A terminal (especially in early computers) provides lower-level, more direct access to the underlying operating system. Computers gradually evolved into more UI-based elements, and these days, that’s generally how we interact with them. Streaming chat can be similar – it’s the first way we created to interact with LLMs, and it provides fairly direct access to the underlying LLM. Over time, other UXs may emerge (just as computers became more UI-based), but low-level access has many advantages, especially in the beginning!

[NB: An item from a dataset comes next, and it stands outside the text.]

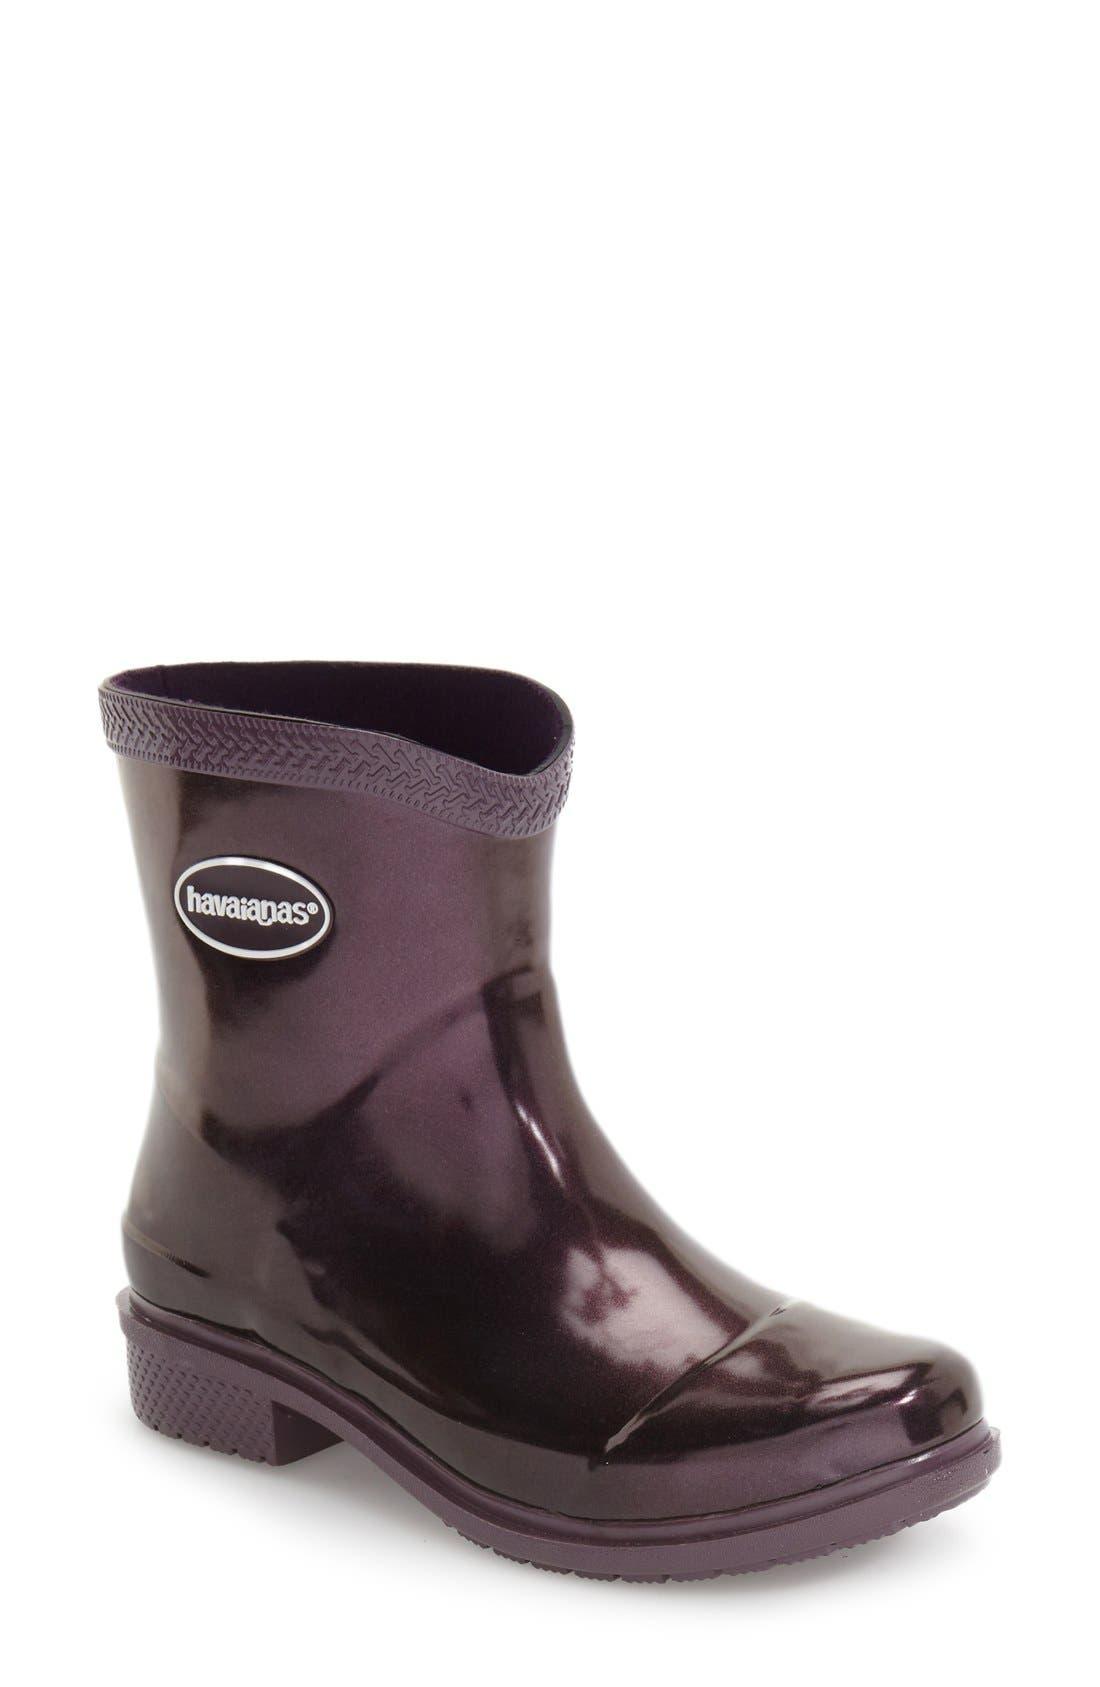 Main Image - Havaianas 'Galochas Low Metallic' Waterproof Rain Boot (Women)
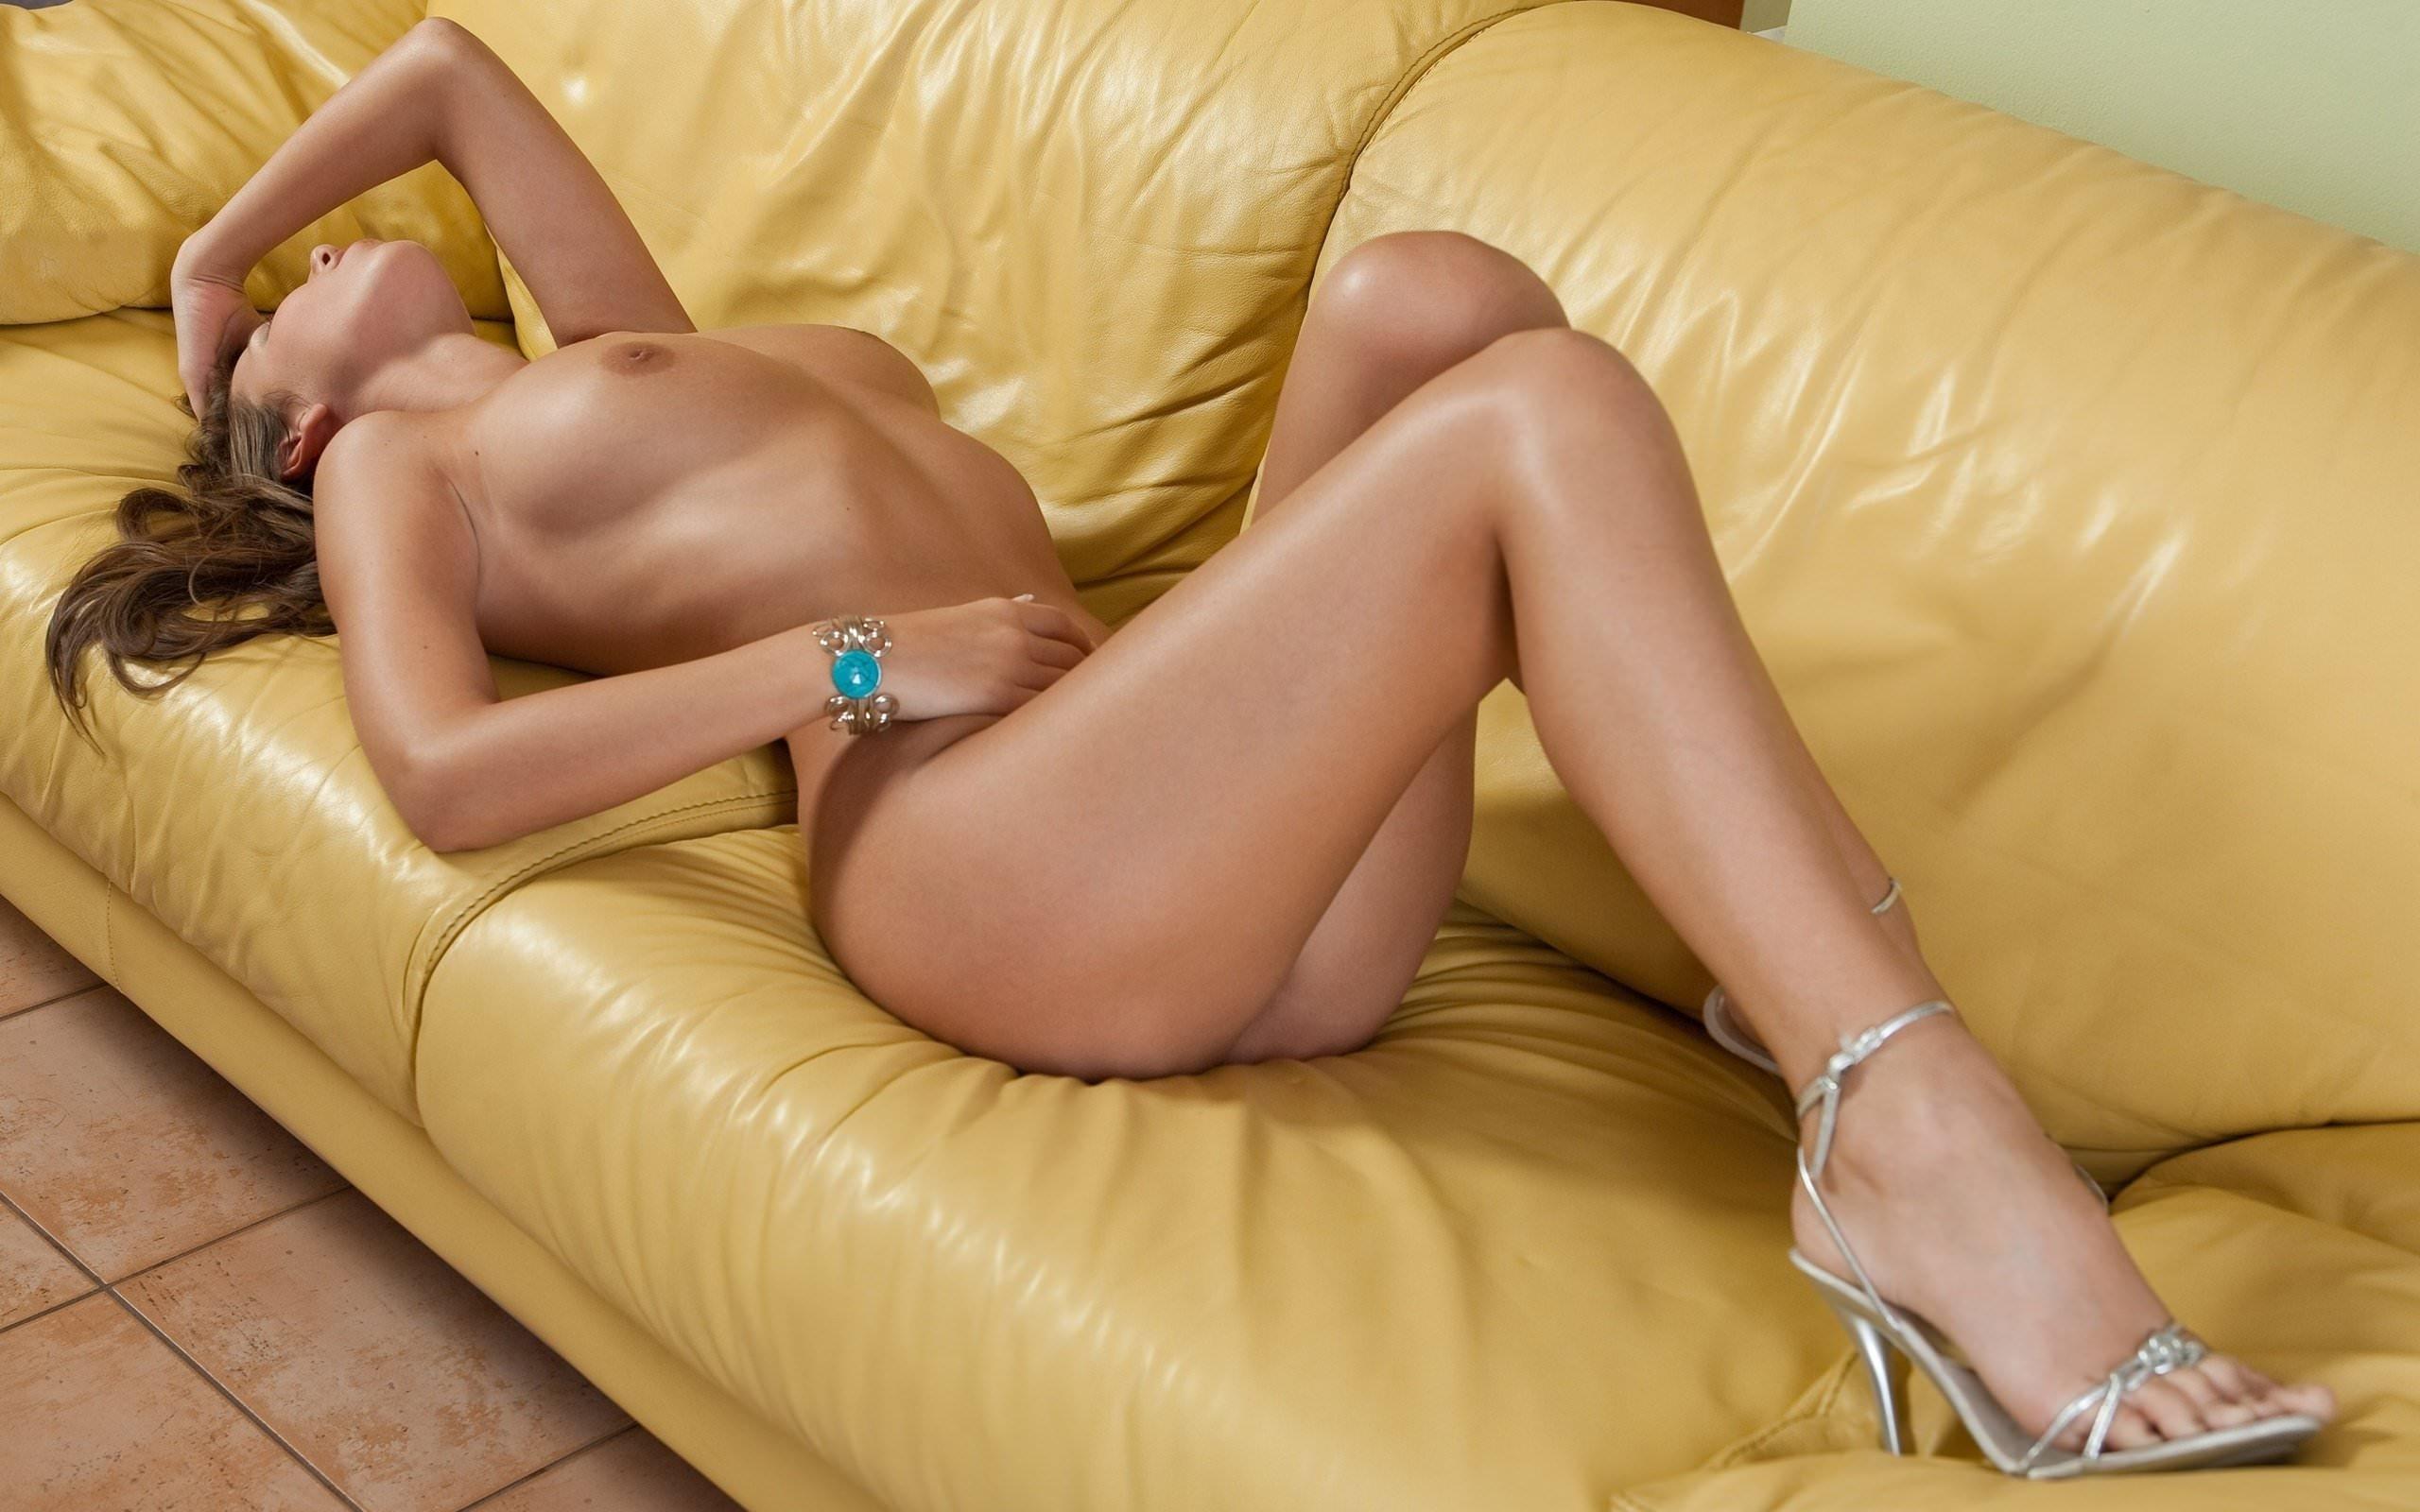 Порно желтый диван бесплатно

One of the reasons streaming chat is great is that LLMs can take a while to work. Streaming allows the user to understand exactly what is happening behind the scenes. You can stream the intermediate actions that the LLM takes (both the actions it takes and the results it gets) as well as the tokens while the LLM is “thinking.”

Another advantage of streaming chat is that LLMs can often make mistakes. Chat provides a great interface to naturally correct and guide mistakes! We are already very used to having follow-up conversations and discussing things iteratively via chat.

However, streaming chat does have its drawbacks. First, streaming chat is a relatively new user experience, so our existing chat platforms (iMessage, Facebook Messenger, Slack, etc.) don’t have it built in. Second, it’s a bit of a hassle for longer tasks: am I just going to sit there and watch the agent work? Third, streaming chat usually needs to be triggered by a human, which means the human is still very much involved.

Discussion without streaming

It seems strange to call it “non-streaming chat,” since we would have just called it “chat” two years ago — but here we are. Non-streaming chat has many of the same properties as streaming chat: it exposes the LLM quite directly to the user, and it allows for very natural corrections.

The big difference with non-streaming chat is that replies come in whole batches, which has its pros and cons. The main downside is that you can’t see what’s going on under the hood, leaving you in the dark.

But… is it really good?

Linus Lee recently had some interesting thoughts on “delegation” that I really enjoyed. Here’s an excerpt to illustrate:

I intentionally built the interface to be as opaque as possible.

He argues that an opaque interface requires a certain degree of trust, but once established it allows you to just delegate tasks to the agent without micromanagement. This asynchronous nature also lends itself to longer tasks, meaning agents do more work for you.

Assuming trust is established, this seems like a good thing. But it also opens the door to other problems. For example, how to handle “double-texting” (a message sent once to the user, the agent starts doing something, then the user sends a new message with a different (and sometimes unrelated) thought before the agent completes its task). With streaming chat, you usually don’t have this problem because the agent’s streaming prevents the user from entering new input.

One of the benefits of the non-streaming chat user experience is that it’s also much more native to us, meaning it can be easier to integrate into existing workflows. People are used to texting with humans – why shouldn’t they easily adapt to texting with AI?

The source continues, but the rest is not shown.